Working with EdgeOS today and it has automatic firewall rules for DHCP but not for DHCPv6 :shrug: Took far too long to find that out. Also it appears some parameters changed format in releases, i.e. prefix-length went from a /56 to a 56 format, of course with no validation other than completely wiping the interface declaration on reboot. Nice.

MrMoo
Sep 14, 2000

OpenVPN on EdgeOS died today for some reason and it wasn't obvious why so I replaced it with IKEv2 IPsec and it worked, and even went via IPv6. It is a good day.

MrMoo
Sep 14, 2000

Thanks Ants posted:

Has anybody looked at the Azure Virtual WAN service?

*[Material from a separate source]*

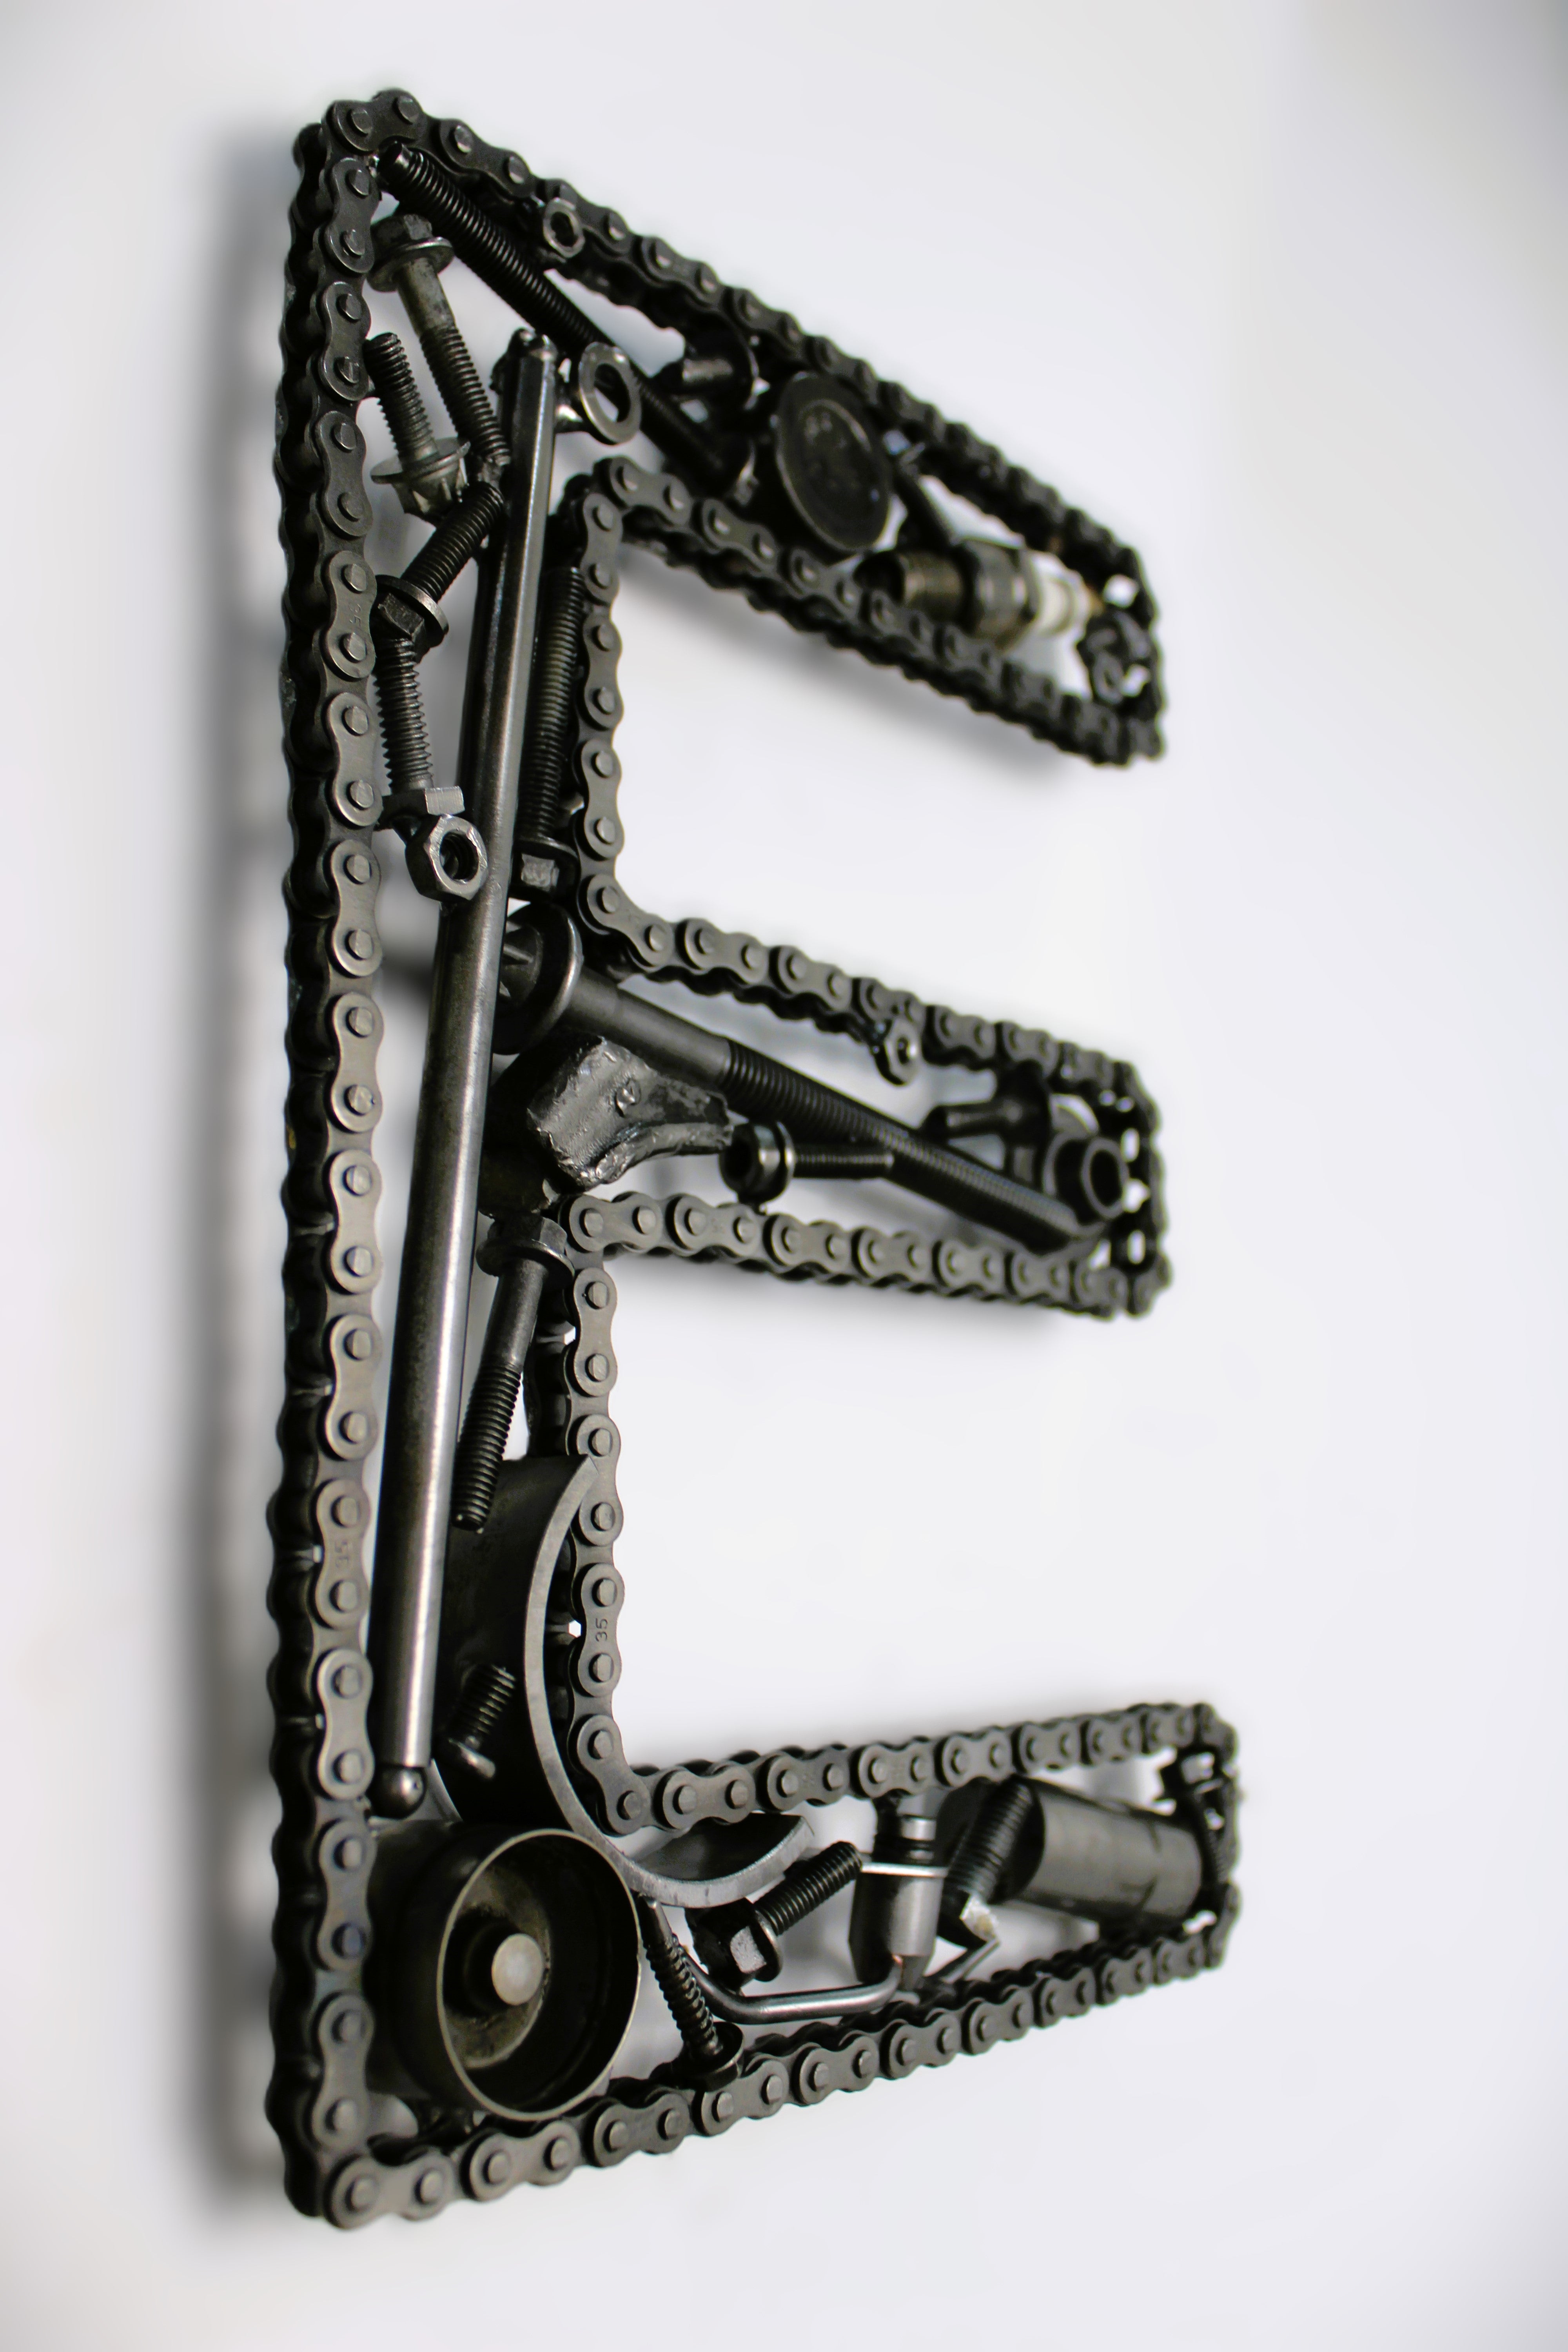 A letter E made out of real car parts, outlined with a timing chain.

Did you try it? Is it just ghetto MPLS with IPsec?

MrMoo
Sep 14, 2000

https://coloradosun.com/2023/11/13/fastest-internet-service-terabits-denver-sc23/

This sounds pretty neat, 6Tb interwebs connection for a convention.

MrMoo
Sep 14, 2000

Eletriarnation posted:

Well, yes, IPv6 is also decades old at this point and your addressing system doesn't have much to do with how fast you're going.

Facebook and others use IPv6 because the headers are smaller and less processing needed in routing, something like 10% faster?

China raised an order that all new equipment must support IPv6, so it helps to court their monies no doubt.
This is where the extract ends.